This formula captures the essence of autoregressive generation: predicting each token based on the prior sequence of tokens.

Why Choose Autoregressive Models for Unified Multimodal Model?

Unified data representation.: They can integrate different modalities (e.g., text, images, audio) by converting them into a unified sequence of tokens, simplifying model design.
Easier to Scale Up: Autoregressive models align well with scaling laws, making them easier to scale up in terms of model size, data, and computational resources.
Extensive Experience an Strong infra. Standing on the shoulders of giants (LLMs). Both academia and industry have relatively sufficient experiences on training and scaling AR models.

Autoregressive for Vision. The process for generating an image can be broken down pixel-by-pixel or patch-by-patch in a raster-scan order, where each pixel/patch is conditioned on previously generated content. Autoregressive models have been shown to be simple, interpretable, and effective in processing language. Images, however, are not sequential. Besides, treating image as flat sequences means that the autoregressive grows quadratically in sequence length (and the computation) . This misalignment poses challenges to the effectiveness and efficiency of AR models, which is critical to understanding their role in unified multimodal generation tasks.

Diffusion Model

Diffusion models are a class of probabilistic generative models used to synthesize data by modeling its distribution through a gradual process of noise addition and removal. These models have shown impressive results in image, audio, and video generation tasks.

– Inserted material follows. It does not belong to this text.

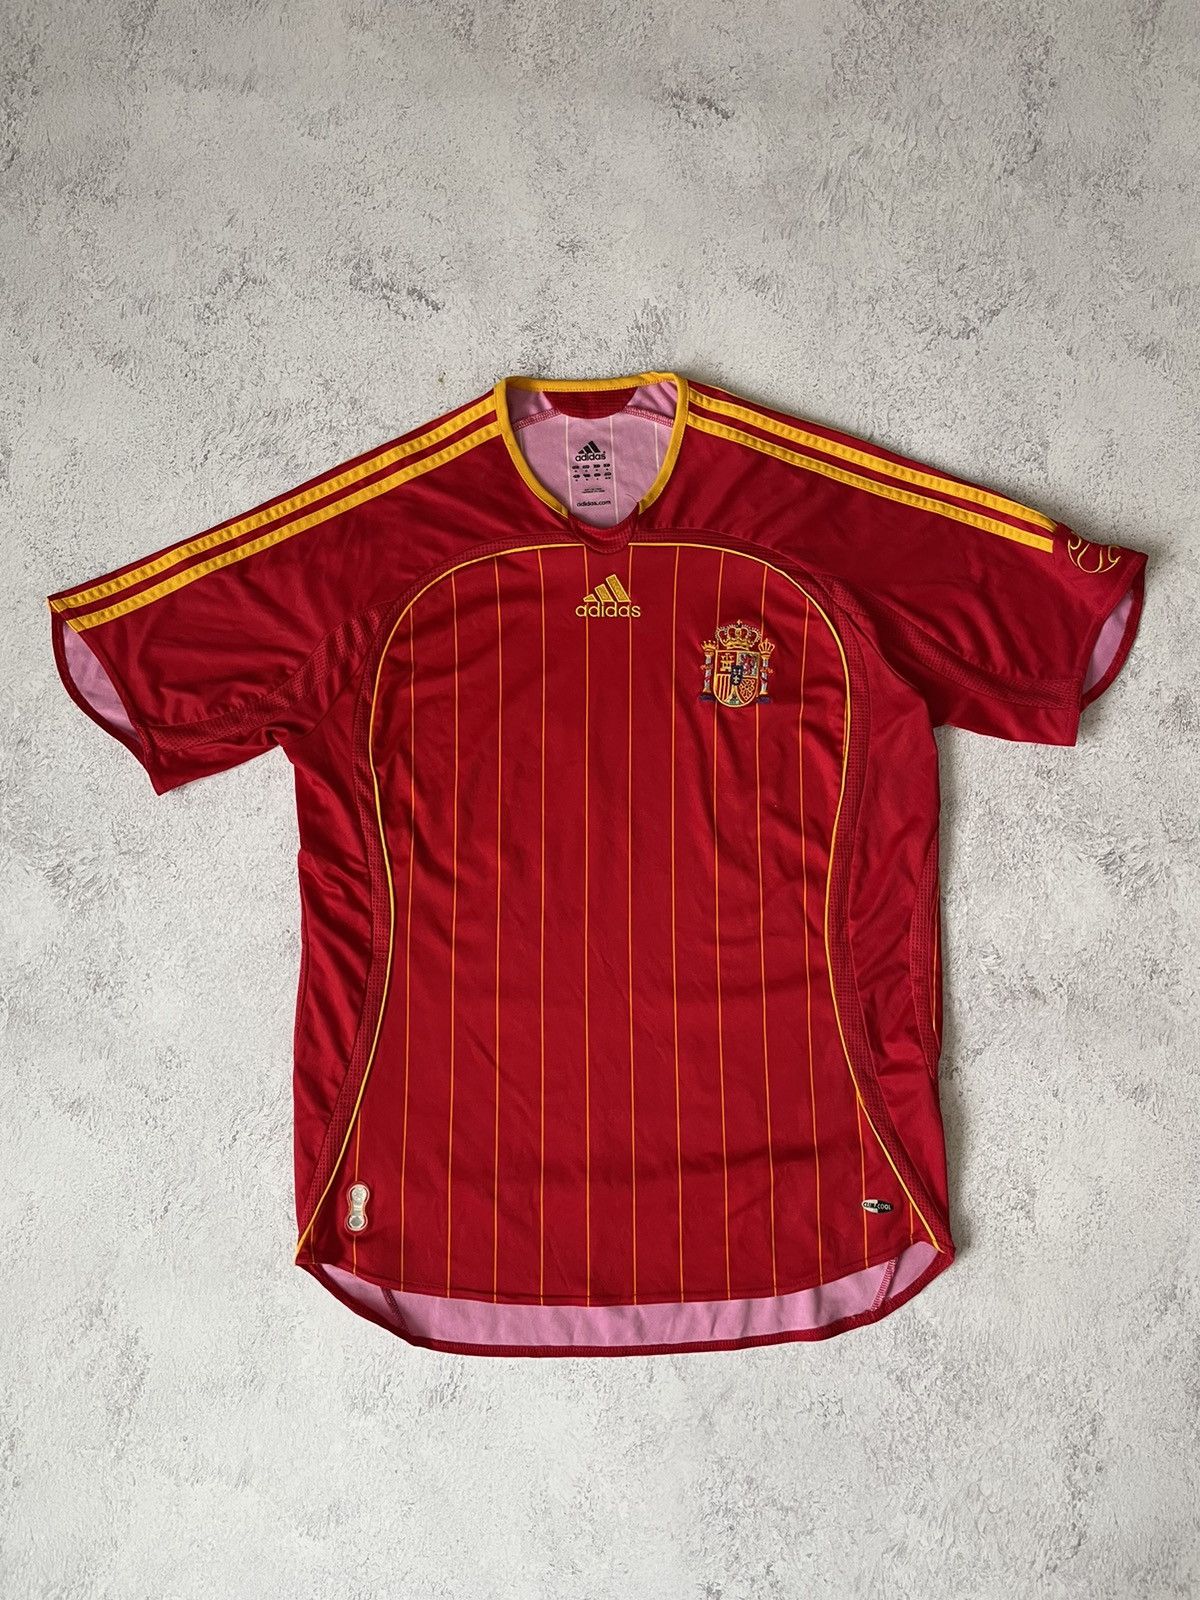 Pre-owned Adidas X Soccer Jersey Adidas Spain National Team 2006 Home Soccer Jersey Vintage In Red

Forward Process. The forward process is a Markov chain where Gaussian noise is iteratively added to the data $\mathbf{x}_0$, resulting in a series of noisy representations $\mathbf{x}_1,\mathbf{x}_2,…,\mathbf{x}_T$:

\[q(\mathbf{x}_{t} | \mathbf{x}_{t-1}) = \mathcal{N}(\mathbf{x}_t; \sqrt{1-\beta_t} \mathbf{x}_{t-1}, \beta_t \mathbf{I}),\]

where $β_t$ is the noise schedule, $\mathcal{N}$ refers to Gaussian distribution.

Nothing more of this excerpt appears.